14) Don’t deworseify your investments. Peter Lynch coined the term. Stick to your good ideas. No small time investor should own 40 stocks. You don’t have time to track that many companies actively. Time is of the essence.

15) Do not dollar cost average. This is an idea so patently stupid it must have come from the same geniuses who gave us the Effecient Market Theory. Why would anyone invest in anything when it is clearly overvalued? Bet big when the deal is good, stay out when the deal is bad.

16) Research companies in advance. Have a watchlist of companies you might be interested in buying at the right price. Have a buy in price. If the price drops unexpectedly, you will be ready like a vulture to swoop in for the kill.

Be a Contrarian Investor

17) Falsify First. Don’t sprint into trying to prove your latest, greatest theory is correct. Try to disprove it. Take a shotgun to it and try to fill it with holes. Karl Popper would be happy.

18) Don’t follow the herd. Really. There are a lot of stupid people investing. They are not stupid because they lack intelligence, but because they lack the courage to be different and discover for themselves what is a good investment strategy and a dumb one.

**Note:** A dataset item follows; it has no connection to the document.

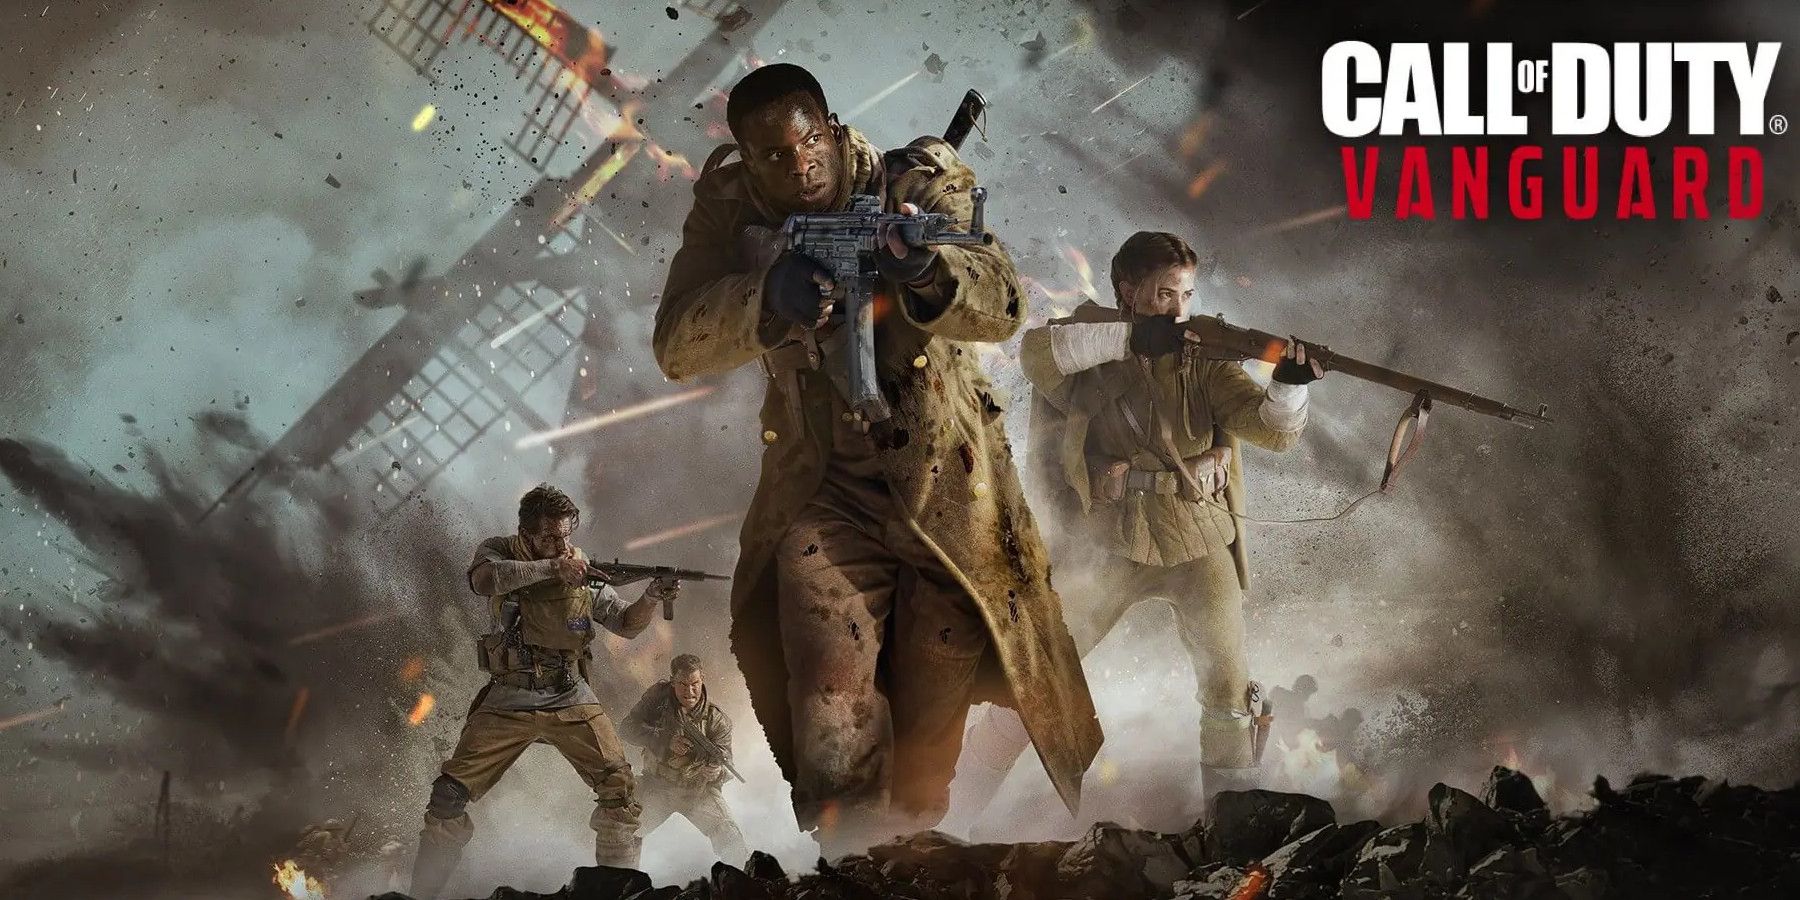 call-of-duty-vanguard-protagonists-action-shot-promo-image

19) Consider some form of mechanical investing. I know this takes some of the ego out of the investing process. But really, would you rather have a fat investment account or take credit for the intelligence of all your investing ideas. (Yes they are often mutally exclusive) Wait, most of you are answering the wrong way.  The right answer is get out of the way of your investing decisions and make money.

O.k. so maybe that wasn’t 20 things about value investing, but it is close enough. I think I said everything I needed to say with this blog. I guess I can retire.

Disclaimers: If you go to Amazon and buy a book I am hocking, I get a tiny, very tiny commission. You will have my gratitude and you can feel good knowing that you have supported a worthy cause: this site. I am not a professional investment advisor, you shouldn’t follow anything I say or even what professional investment advisor says without checking it out yourself. This is the internet. Its mostly all crap.